- Born: Albertine Damien 17 September 1937 Algiers, French North Africa
- Died: 10 July 1967 (aged 29) Montpellier, France
- Occupation: Writer
- Spouse: Julien Sarrazin ​(m. 1959)​
- Writing career
- Notable works: La Cavale (1965); L'Astragale (1964); La Traversière (1966); Poèmes (1969);

= Albertine Sarrazin =

French author (1937-1967)

Albertine Sarrazin (17 September 1937 - 10 July 1967) was a French author. She was best known for her semi-autobiographical novel L'Astragale.

==Life and career==
Albertine was born on 17 September 1937 in Algiers, French North Africa. Her teenaged Spanish mother abandoned her and left her with the Welfare Office, where officials named her Albertine Damien in honour of the saint of the day she was found on. At the age of 2 she was adopted by a French army physician and his wife who renamed her Anne-Marie. Following the family's move to Aix-en-Provence in 1947, she was raped by a male relative. Constant quarrels with her adoptive family led to an intense distaste for authority that stayed with her the rest of her life.

Although she was intelligent and did well in her studies, Albertine's family set to annul her adoption and in 1952 placed her in a reformatory school in Marseille, the Refuge of the Good Shepherd. She passed an examination to graduate from secondary school at the age of 16 before escaping the school and travelling to Paris where she reunited with Emilienne, a love interest from her school. Albertine worked as a prostitute and the pair were arrested in 1953 after a bungled armed robbery of a dress store. Sarrazin received a seven year sentence and was imprisoned at the Fresnes Prison. During her time in prison and at the reformatory at Doullens in Picardy, she started writing prose and poetry.

Incarcerated for four years, Sarrazin escaped from the Doullens reform school in April 1957. She broke her ankle during the escape and was picked up by Julien Sarrazin, a truck driver. The pair were both criminals and both went to prison following their arrest in September 1958. They were married on 7 February 1959 while Albertine was still imprisoned. The two continued to live lives of crime, spending time in and out of jail and keeping contact through letters.

Albertine was injured in a car accident in 1961. She and Julien were arrested for burglary the same year and she was given a sentence of two years. By 1964, Albertine was employed as a journalist in Alès when she was again arrested for petty theft. She completed her prison term in August 1965. They moved to the Cévennes region and bought a house in the countryside.

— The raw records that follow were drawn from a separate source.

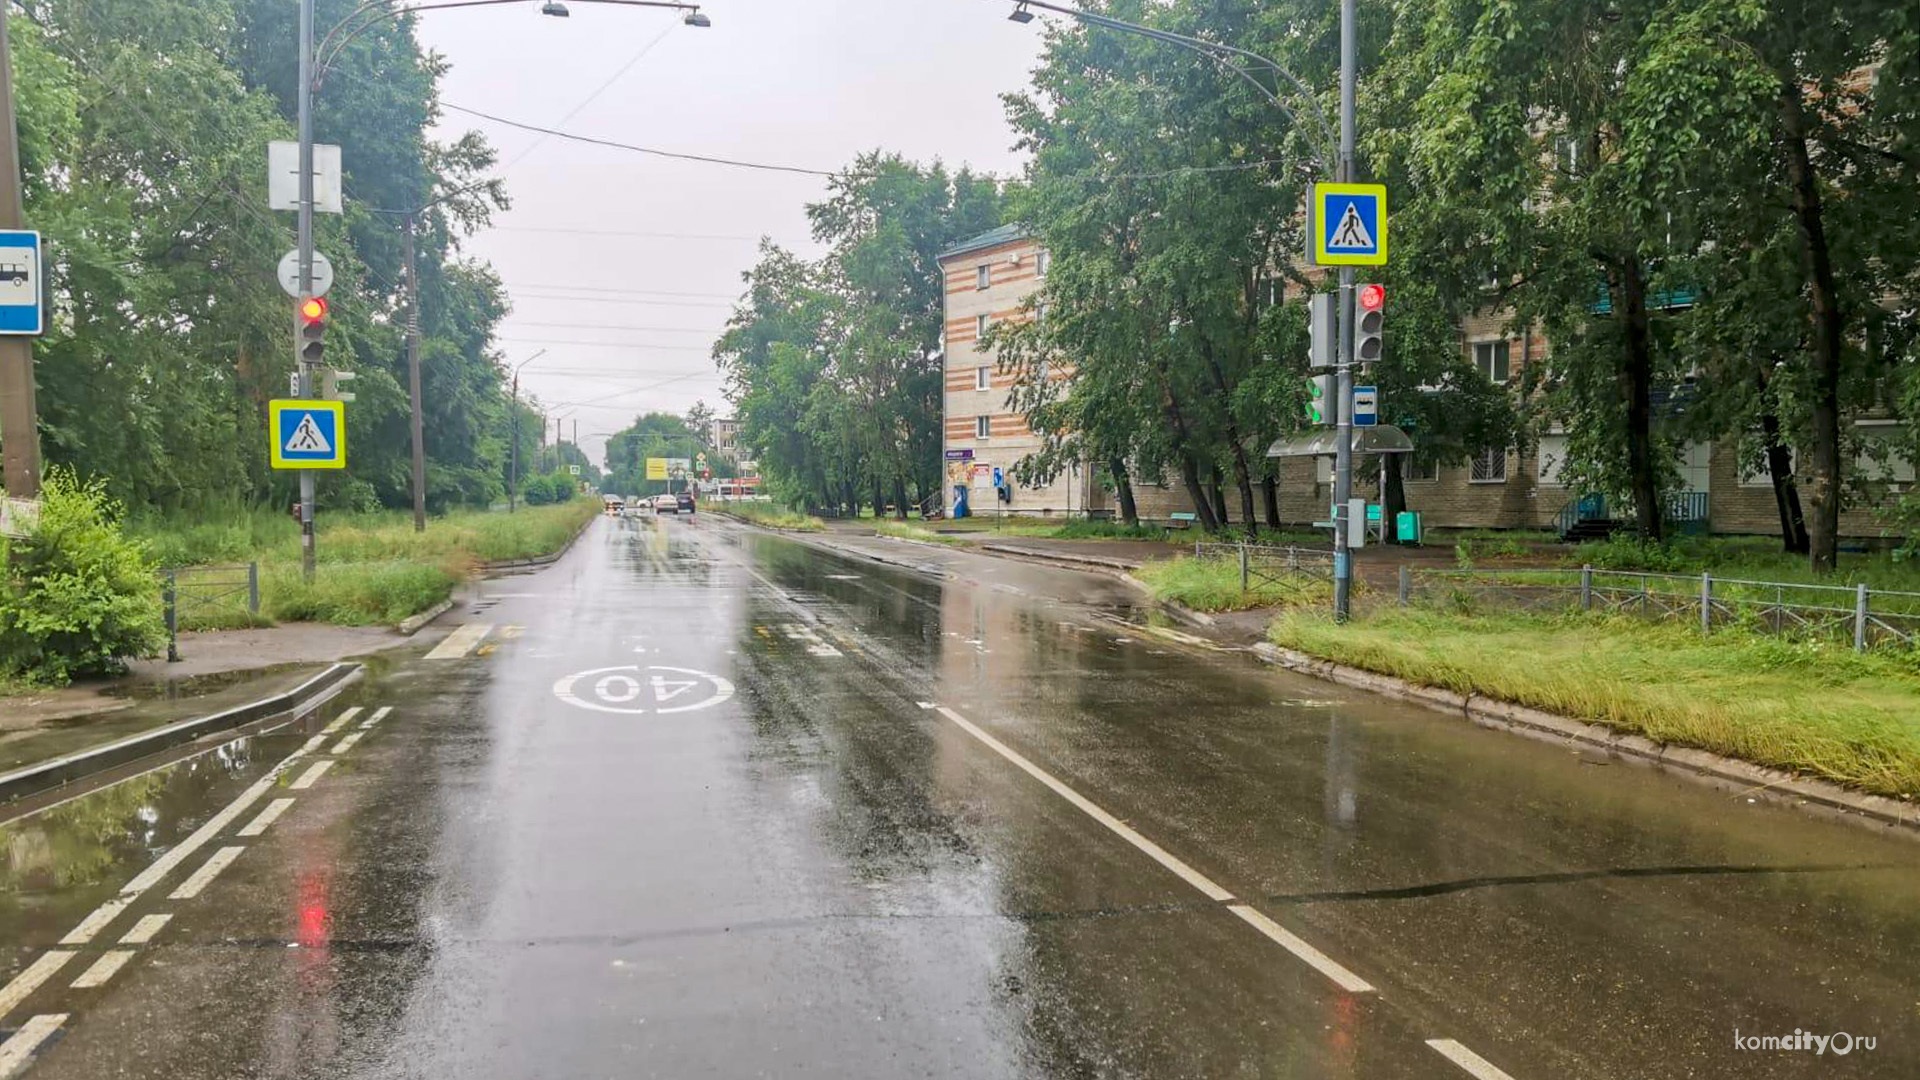 Водителя, сбившего пешехода и скрывшегося с места ДТП, разыскивают в Комсомольске-на-Амуре
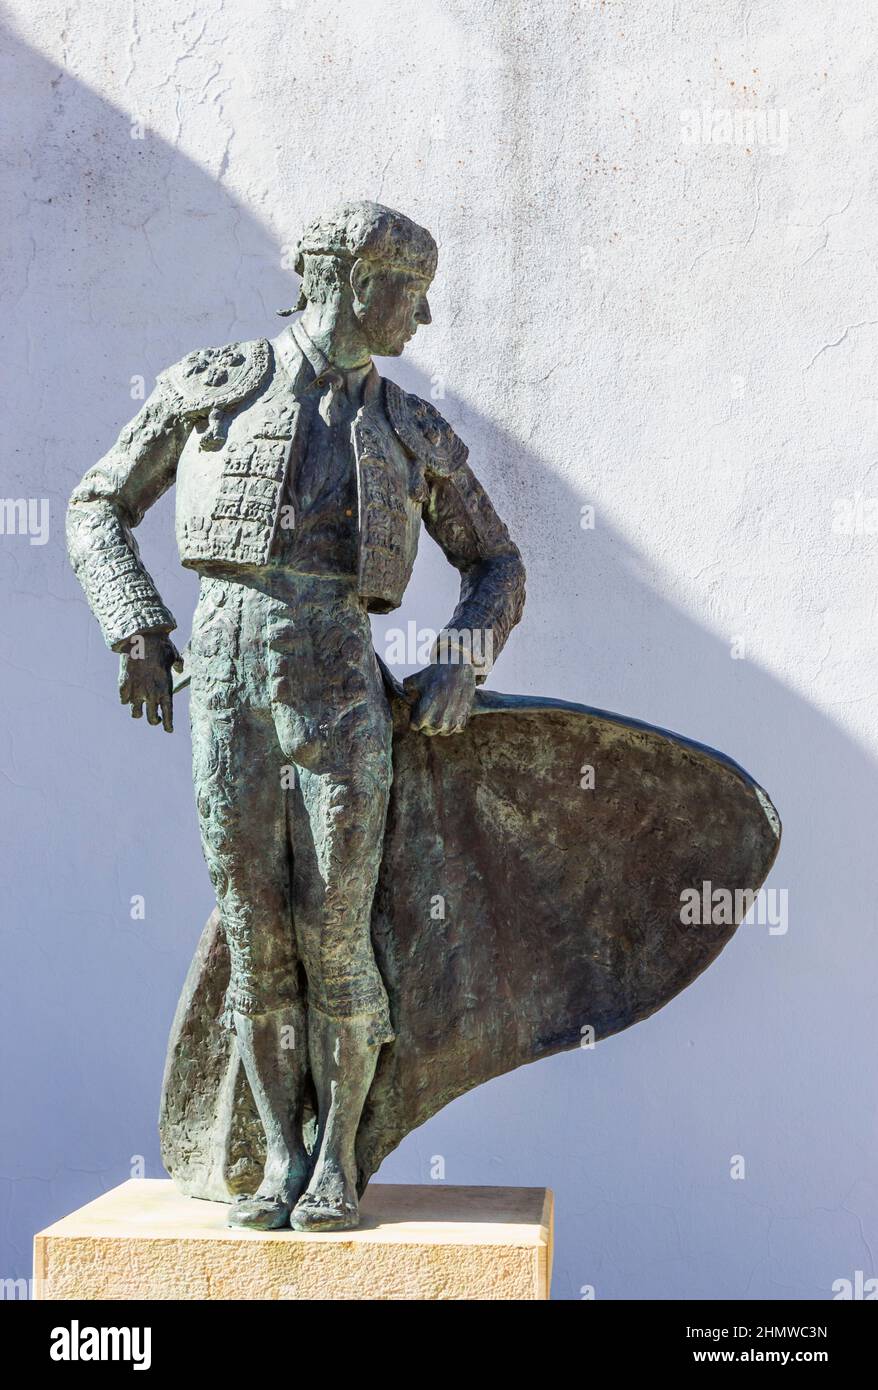 Ronda, Provinz Malaga, Andalusien, Spanien. Statue des Stierkampfes Cayetano Ordóñez y Aguilera, alias El Niño de La Palma, 1904 - 1961, außerhalb der lokalen b Stockfoto
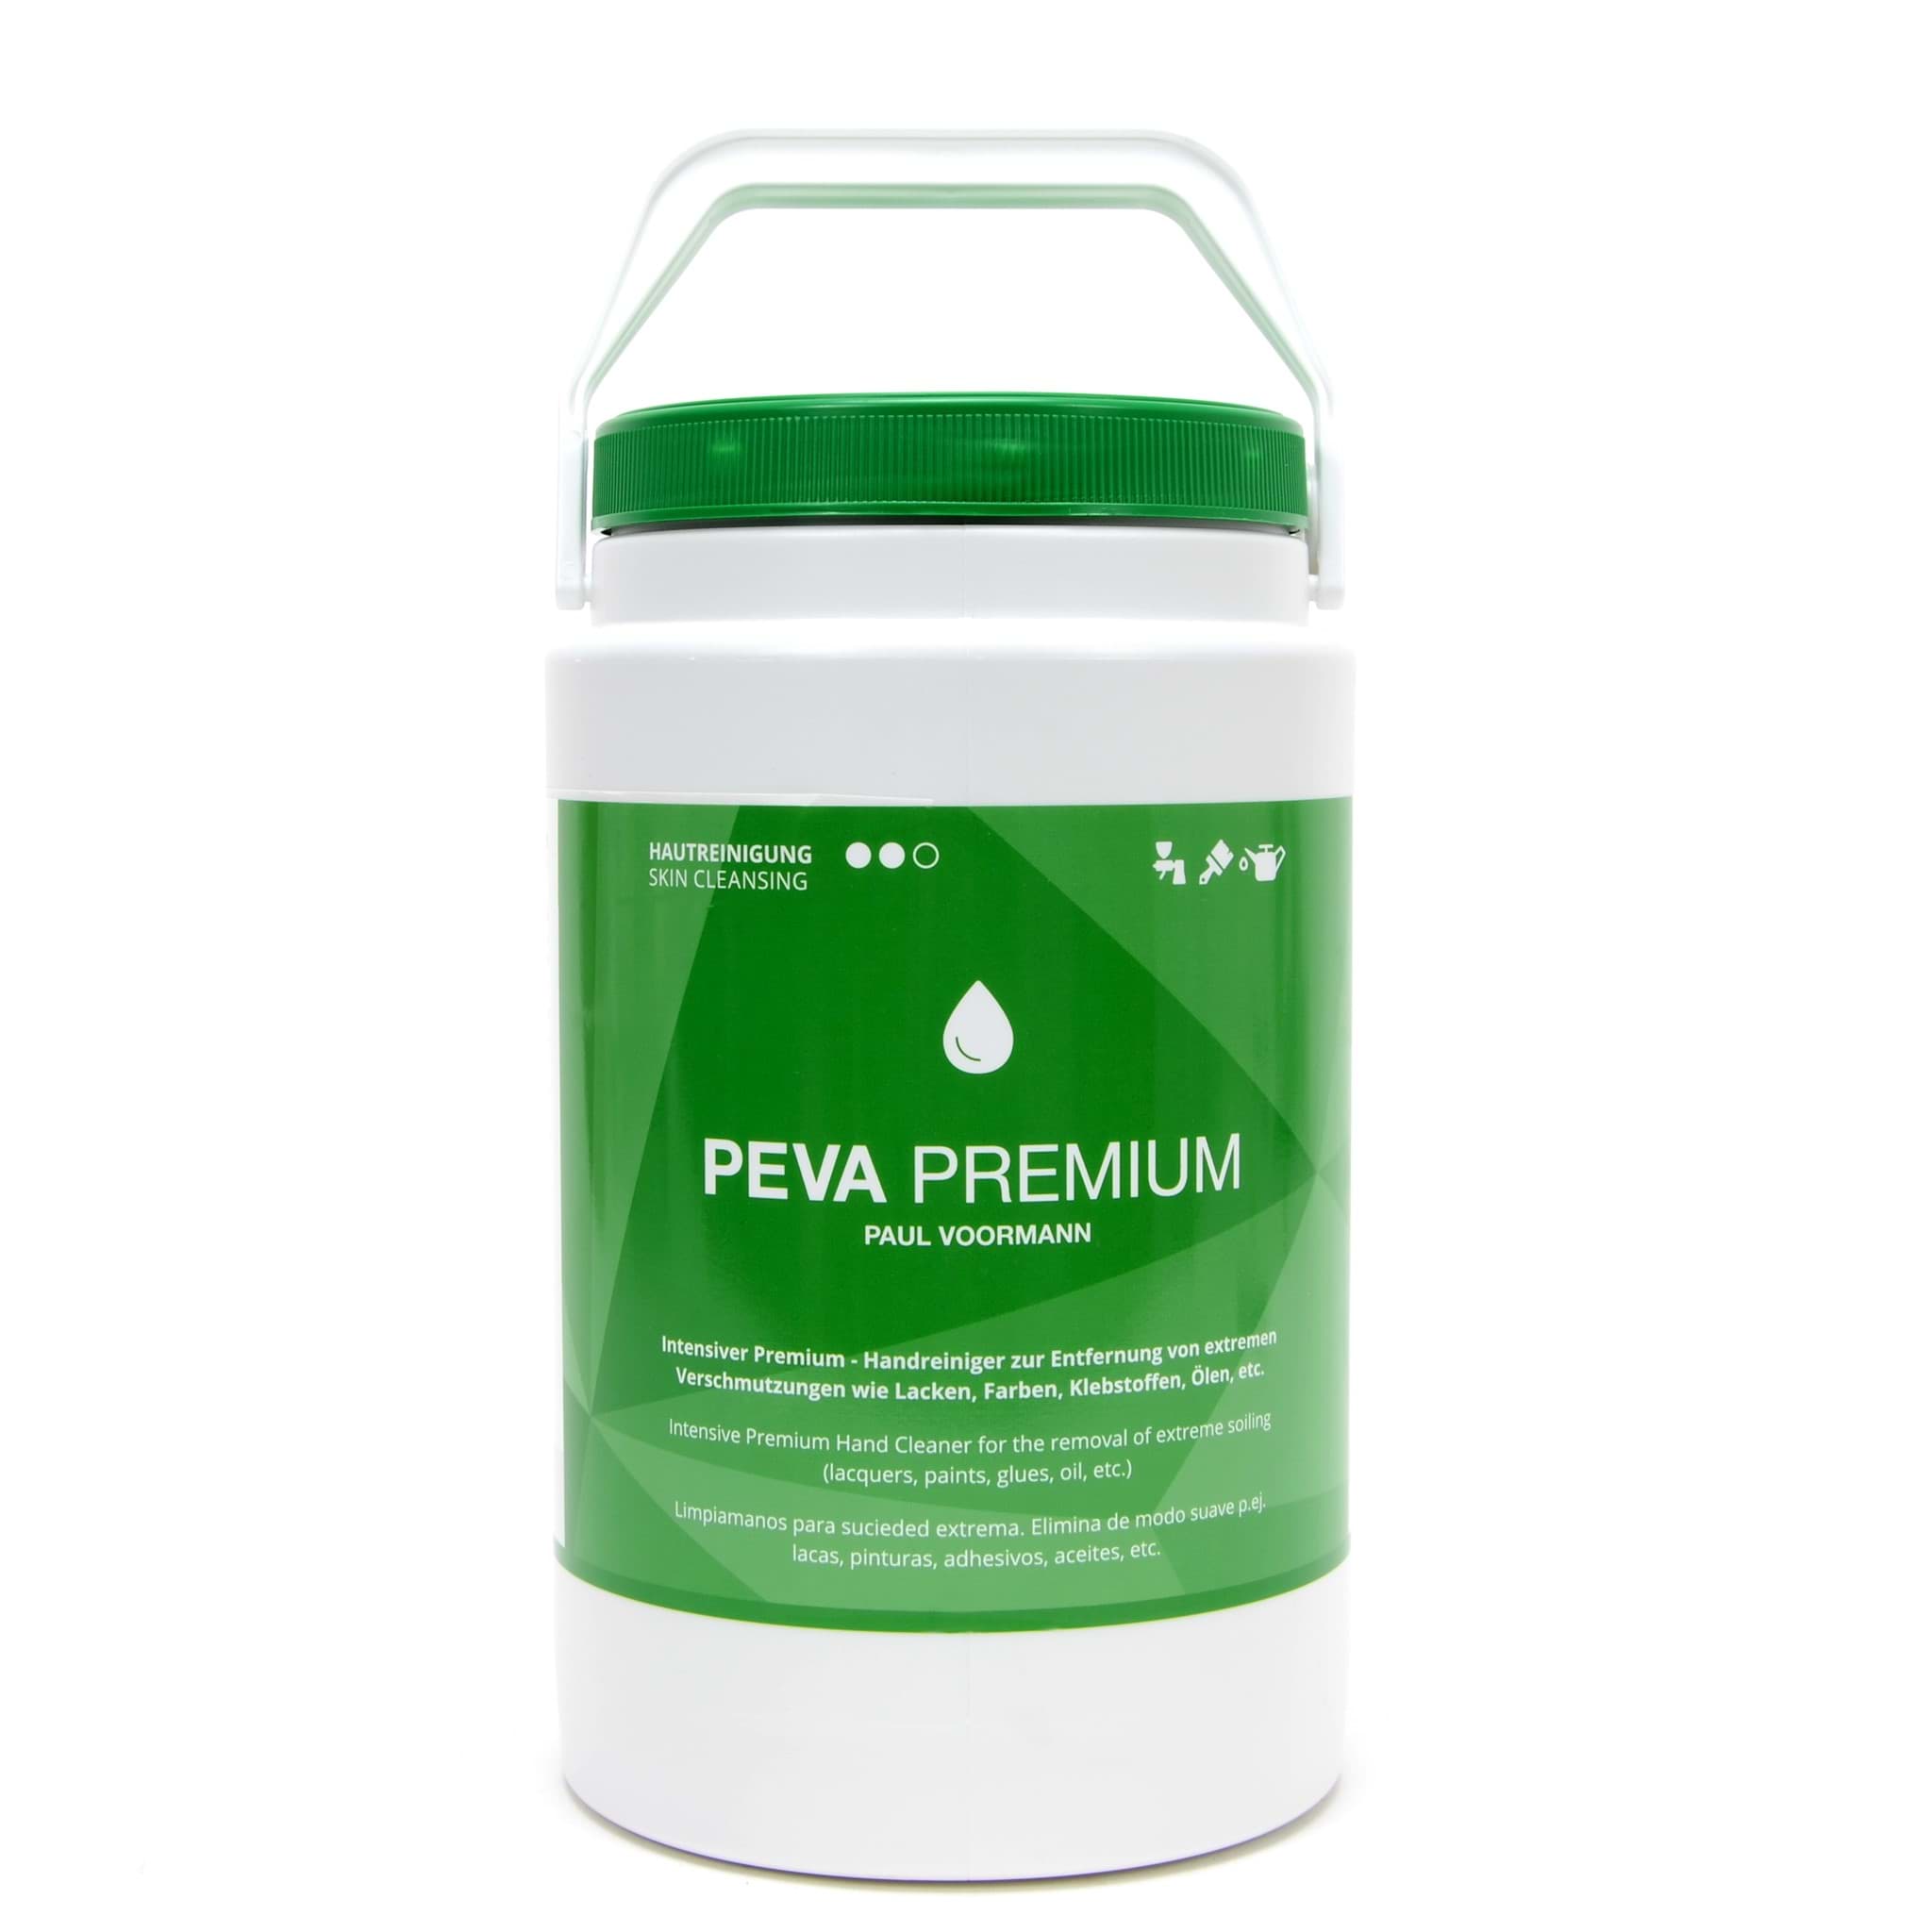 Bild von Peva Premium Handreiniger 3 Liter

In prison, Sarrazin wrote her first novels, L'Astragale and La Cavale, which were published after her release in 1964 (the astragale of the title is the French word for the talus bone, which both she and the main character of her novel broke on their escapes from jail). Her works were bestsellers and she received invitations to appear on television. La Cavale, written in secret during her incarceration in 1961 and 1962, won the Prix des Quatre Jurys in 1966. Astragale was translated in English at that same time. Their success allowed the married couple to settle in Montpellier where she wrote her third story, La Traversière. The novel also performed well, but she died shortly afterwards from complications during kidney surgery.

Sarrazin died on 10 July 1967 in Montpellier, France. Her diaries and correspondence were published posthumously.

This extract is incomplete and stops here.